Location
- Country: Bulgaria

Physical characteristics
- • location: S of Draganovo, Dobrudzha Plateau
- • coordinates: 43°27′6.12″N 27°47′26.16″E﻿ / ﻿43.4517000°N 27.7906000°E
- • elevation: 278 m (912 ft)
- • location: Suha reka
- • coordinates: 43°48′56.16″N 27°37′21″E﻿ / ﻿43.8156000°N 27.62250°E
- • elevation: 87 m (285 ft)
- Length: 70 km (43 mi)

Basin features
- Progression: Suha reka → Danube

= Dobrichka reka =

The Dobrichka reka (Добричка река) is a river in northeastern Bulgaria, a right tributary of the Suha reka, itself a right tributary of the Danube. Its length is 70 km.

The Dobrichka reka takes its source from a spring at an altitude of 278 m in the Dobrudzha Plateau, south of the village of Draganovo in eastern part of the Danubian Plain. It flows north until the city of Dobrich, where it forms a large arc protruding to the east. Downstream of Dobrich the river turns northwest, its valley becomes canyon-like, deeply cut in the Aptian and Serravallian limestones of the Dobrudzha Plateau. In that section, especially after the village of Bozhurovo, the river dries up, with water flowing irregularly in spring. The river flows into the Suha reka at an altitude of 87 m, some 2 km southeast of the village of Efreytor Bakalovo.

The Dobrichka reka has rain–snow feed with low annual discharge and irregular water flow.
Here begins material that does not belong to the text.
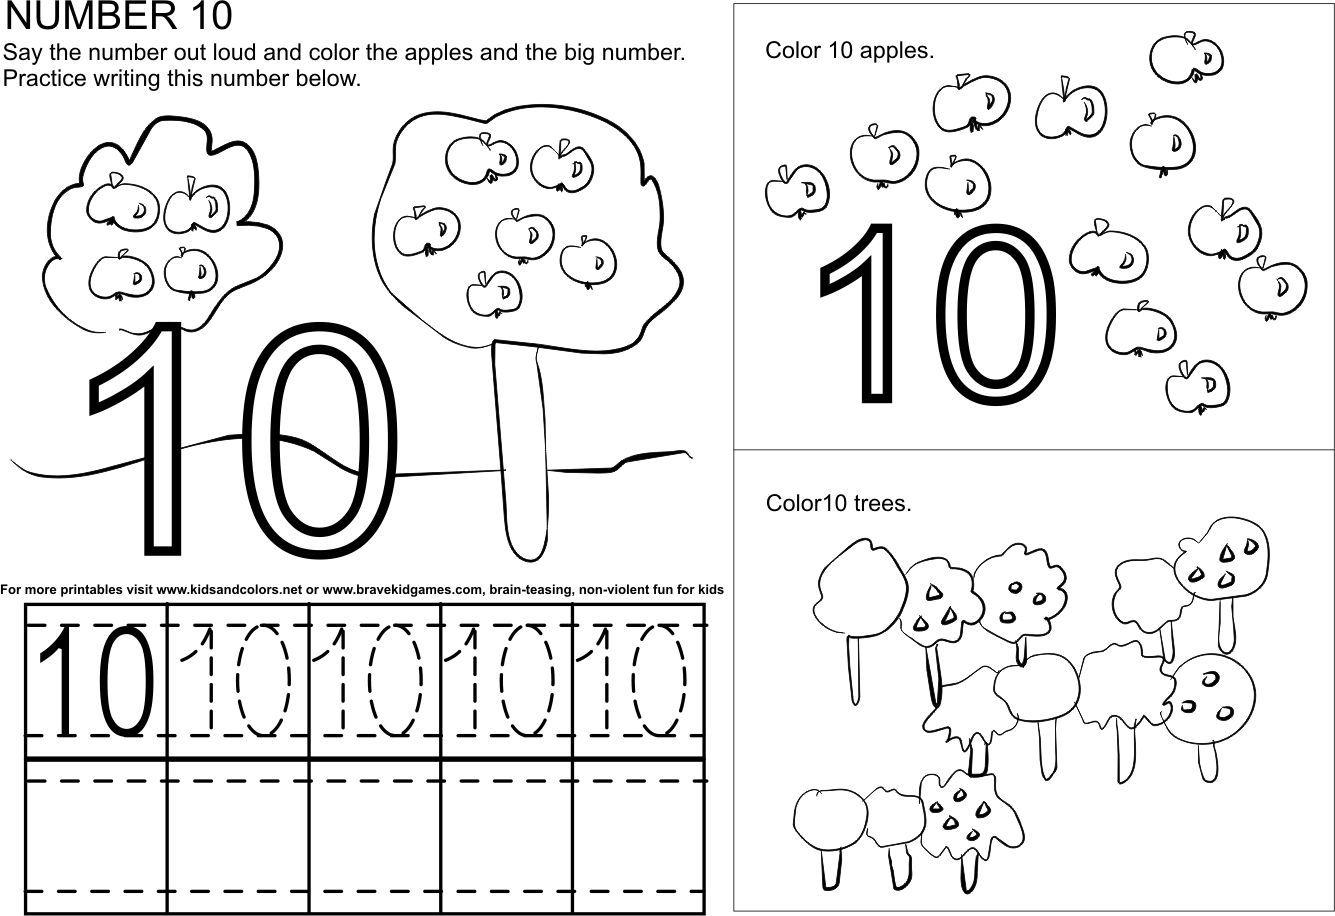 Image Result For No 10 Worksheet Numbers Preschool Number 10 Preschool Worksheets

The river flows entirely in Dobrich Province. There are one city and nine villages along its course, Draganovo, Opanets, Bogdan, Dobrich (city), Vrachantsi, Rosenovo, Bozhurovo and Kamen in Dobrichka Municipality, as well as Lozenets and Severtsi in Krushari Municipality. Due to the low discharge there are several small reservoirs along the river and its tributaries to catch water for irrigation.